Why today may have been significant to our economic future! We would like to share with you an article written by Steve Forbes, Editor and Chief of Forbes magazine. Mr. Forbes writes about the unnecessary regulations and new accounting rules that have brought on many of the problems surrounding our financial crisis: In particular he discusses the so called “mark-to-market” accounting rules that make companies and banks recognize prices for assets that are not realistic but have a profound impact on our financial system. This rule has forced many whose operations are profitable to appear as if they are losing money or insolvent. To the credit of this administration, this rule was greatly changed yesterday, and the stock markets around the world have reacted by going up significantly.

Although many good financial lessons were learned during the Great Depression, unfortunately many of the laws passed at the time to stabilize our financial system have been undone in the past few years: mark-to-market accounting, short sale uptick rule, naked shorting, and the Glass-Stegall Act to name just a few. This article was written about a month ago and he clearly lays out the problems being caused by mark-to-market accounting. Our hope is that it will help you understand the benefits of changing the rules back to where they had been. We don’t need more regulation, we just need to go back to what has worked fairly well for the last 70 years. Here’s the article:

By STEVE FORBES
What is most astounding about President Barack Obama’s radical economic recovery program isn’t its breadth, but its continuation of the most destructive policies of the Bush administration. These Bush policies were in themselves repudiations of Franklin Delano Roosevelt, Mr. Obama’s hero.
The most disastrous Bush policy that Mr. Obama is perpetuating is mark-to-market or “fair value” accounting for banks,
insurance companies and other financial institutions. The idea seems harmless: Financial institutions should adjust their balance sheets and their capital accounts when the market value of the financial assets they hold goes up or down.
That works when you have very liquid securities, such as Treasury bonds, or the common stock of IBM or GE. But when the
credit crisis hit in 2007, there was no market for subprime securities and other suspect assets. Yet regulators and auditors kept pressing banks and other financial firms to knock down the book value of this paper, even in cases where these obligations were being fully serviced in the payment of principal and interest. Thus, under mark-to-market, even non-suspect assets are being artificially knocked down in value for regulatory capital (the amount of capital required by regulators for industries like banks and life insurance).
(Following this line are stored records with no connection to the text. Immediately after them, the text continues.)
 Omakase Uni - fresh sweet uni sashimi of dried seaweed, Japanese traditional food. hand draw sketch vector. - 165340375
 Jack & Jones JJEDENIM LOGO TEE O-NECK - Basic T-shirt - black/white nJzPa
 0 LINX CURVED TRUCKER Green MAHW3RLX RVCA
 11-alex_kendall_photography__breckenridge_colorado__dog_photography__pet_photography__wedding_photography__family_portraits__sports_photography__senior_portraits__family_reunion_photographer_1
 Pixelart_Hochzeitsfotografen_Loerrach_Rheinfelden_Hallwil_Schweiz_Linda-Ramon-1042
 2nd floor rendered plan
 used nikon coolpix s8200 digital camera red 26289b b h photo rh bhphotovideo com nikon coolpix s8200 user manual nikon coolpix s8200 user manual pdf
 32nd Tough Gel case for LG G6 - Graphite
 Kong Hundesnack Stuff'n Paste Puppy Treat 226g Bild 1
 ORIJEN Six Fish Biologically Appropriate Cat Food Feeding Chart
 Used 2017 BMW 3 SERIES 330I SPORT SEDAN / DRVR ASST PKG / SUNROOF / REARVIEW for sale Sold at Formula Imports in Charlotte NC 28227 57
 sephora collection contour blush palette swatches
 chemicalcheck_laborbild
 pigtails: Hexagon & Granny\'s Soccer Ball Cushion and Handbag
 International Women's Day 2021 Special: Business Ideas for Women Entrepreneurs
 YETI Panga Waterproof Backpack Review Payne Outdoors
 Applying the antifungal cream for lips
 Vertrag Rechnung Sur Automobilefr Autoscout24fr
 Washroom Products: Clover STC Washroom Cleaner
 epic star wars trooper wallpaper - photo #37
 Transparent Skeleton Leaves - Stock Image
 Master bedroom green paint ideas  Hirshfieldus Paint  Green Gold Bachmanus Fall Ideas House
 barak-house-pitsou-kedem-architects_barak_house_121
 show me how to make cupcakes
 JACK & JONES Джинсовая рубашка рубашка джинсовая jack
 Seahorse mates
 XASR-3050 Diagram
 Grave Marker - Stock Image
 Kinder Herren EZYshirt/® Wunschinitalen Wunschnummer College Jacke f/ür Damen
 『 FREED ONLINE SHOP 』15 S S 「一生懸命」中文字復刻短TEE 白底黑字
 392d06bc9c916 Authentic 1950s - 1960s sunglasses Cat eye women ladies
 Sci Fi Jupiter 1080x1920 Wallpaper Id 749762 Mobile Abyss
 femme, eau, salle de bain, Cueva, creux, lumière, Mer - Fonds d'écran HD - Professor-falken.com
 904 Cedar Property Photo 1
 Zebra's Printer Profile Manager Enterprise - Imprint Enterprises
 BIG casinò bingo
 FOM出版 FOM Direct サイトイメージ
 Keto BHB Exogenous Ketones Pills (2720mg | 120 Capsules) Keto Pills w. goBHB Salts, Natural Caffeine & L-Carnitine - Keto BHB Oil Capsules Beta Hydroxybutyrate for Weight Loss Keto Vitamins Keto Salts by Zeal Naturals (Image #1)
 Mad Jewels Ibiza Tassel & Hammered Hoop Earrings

Banks and life insurance companies that have positive cash flows now find themselves in a death spiral. Of the more than $700 billion that financial institutions have written off, almost all of it has been book write-downs, not actual cash losses. When banks or insurers write down the value of their assets they have to get new capital. And the need for new capital is a signal to ratings agencies that these outfits might deserve a credit-rating reduction.
So although banks have twice the amount of cash on hand that they did a year ago, they lend only under duress, or apply onerous conditions that would warm Tony Soprano’s heart. This is because they know that every time they make a loan or an investment there is a risk of a book write-down, even if the loan is unimpaired.
If this rigid mark-to-market accounting had been in effect during the banking trouble in the early 1990s, almost every major commercial bank in the U.S. would have collapsed because of shaky Latin American and commercial real estate loans. We would have had a second Great Depression.
But put aside for a moment the absurdity of trying to price assets in a disrupted or non-existent market, of not distinguishing between distress prices and “normal” prices. Regulatory capital by its definition should take the long view when it comes to valuation; day-to-day fluctuations shouldn’t matter. Assets should be kept on the books at the price they were obtained, as long as the assets haven’t actually been impaired.
Mark-to-market accounting does just the opposite. When times are good, it artificially boosts banks’ capital, thereby encouraging more investing and lending. In a downturn it sets off a devastating deflation.
Mark-to-market accounting is the principal reason why our financial system is in a meltdown. The destructiveness of mark-to-market — which was in force before the Great Depression — is why FDR suspended it in 1938. It was unnecessarily destroying banks.
But bad ideas never die. Mark-to-market was resurrected by the Financial Accounting Standards Board and became effective in the fall of 2007 (FASB rule 157) to the approval of the Bush administration, its Treasury Department, and the Securities and Exchange Commission. Even as FASB 157 began to take its toll on financial institutions last year, Mr. Bush refused to kill or suspend it. When Congress voiced displeasure last fall, the administration and regulatory authorities made some cosmetic changes, but the poisonous essence remained.
If the president really takes Roosevelt’s legacy seriously, he should suspend mark-to-market accounting rules, restore the uptick rule, and enforce the prohibition against naked short selling. If he doesn’t, historians will look back in utter amazement at Mr. Obama’s preservation of Mr. Bush’s worst economic policies.